Zithromax and Pregnancy
The FDA considers Zithromax a pregnancy Category B medicine, which means that while the drug has not been studied in pregnant humans, it showed no harm to the fetus in previous animal studies. A healthcare provider may prescribe this drug to a pregnant woman if he or she decides that its benefits outweigh the possible risks.
Zithromax® (azithromycin) is considered a pregnancy Category B medicine by the U.S. Food and Drug Administration (FDA), which means that it has not been studied in pregnant women. However, when studied in pregnant animals, Zithromax showed no negative effects on unborn babies.
The FDA uses a category system to classify the possible risks to a fetus when a specific medicine is taken during pregnancy. Pregnancy Category B is given to medicines that have not been studied in pregnant humans but do not appear to cause harm to the fetus in animal studies.

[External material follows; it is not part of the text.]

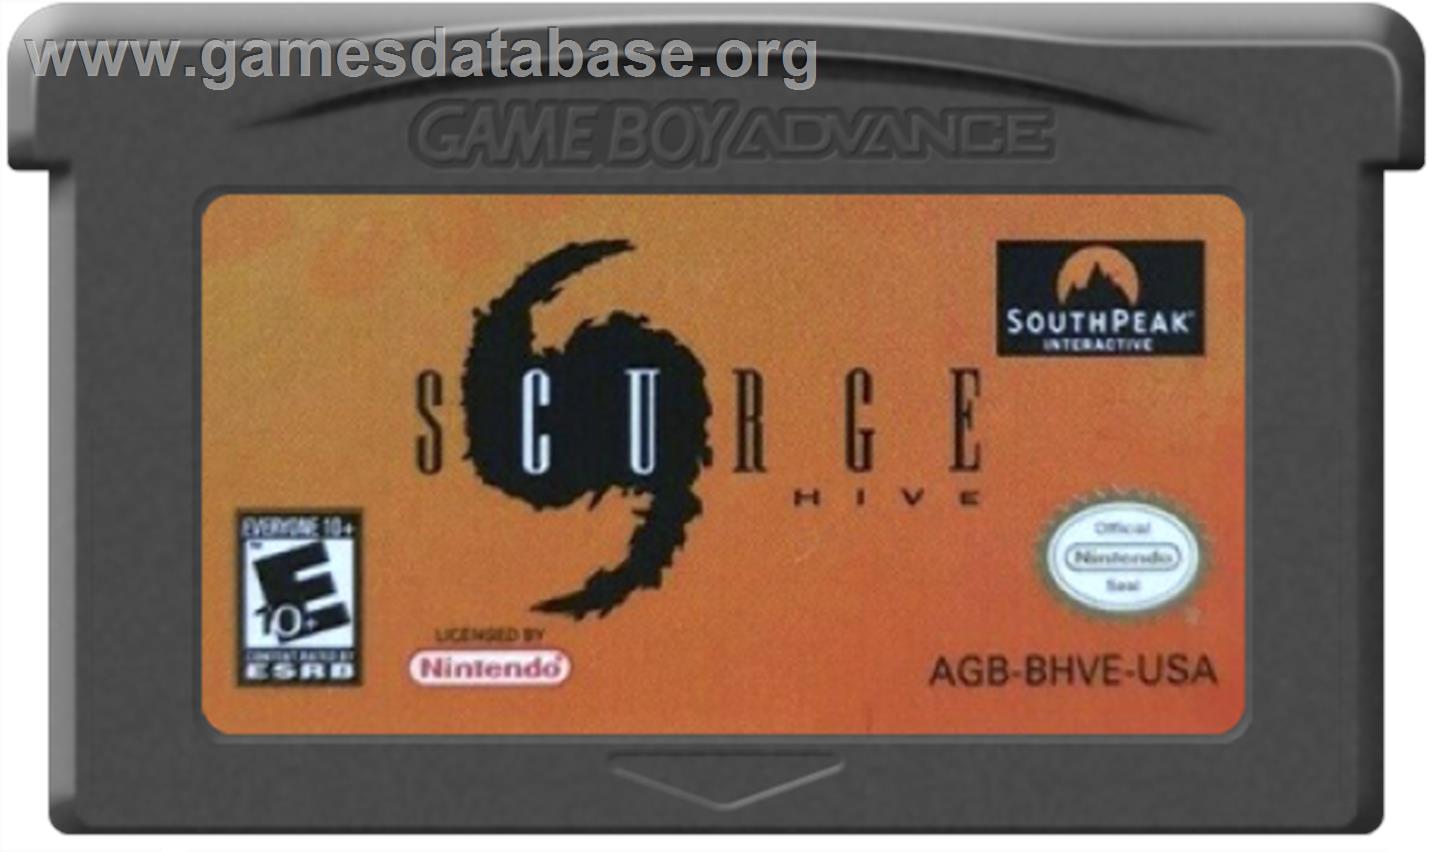 Scurge: Hive - Nintendo Game Boy Advance - Artwork - Cartridge

However, it is important to note that animals do not always respond to medicines the same way that humans do. Therefore, a pregnancy Category B medicine may be given to a pregnant woman if her healthcare provider believes that its benefits to her outweigh any possible risks to her unborn child.
If you are pregnant and have been prescribed Zithromax, let your healthcare provider know. He or she will consider both the benefits and risks of taking this drug during pregnancy before making a recommendation in your particular situation.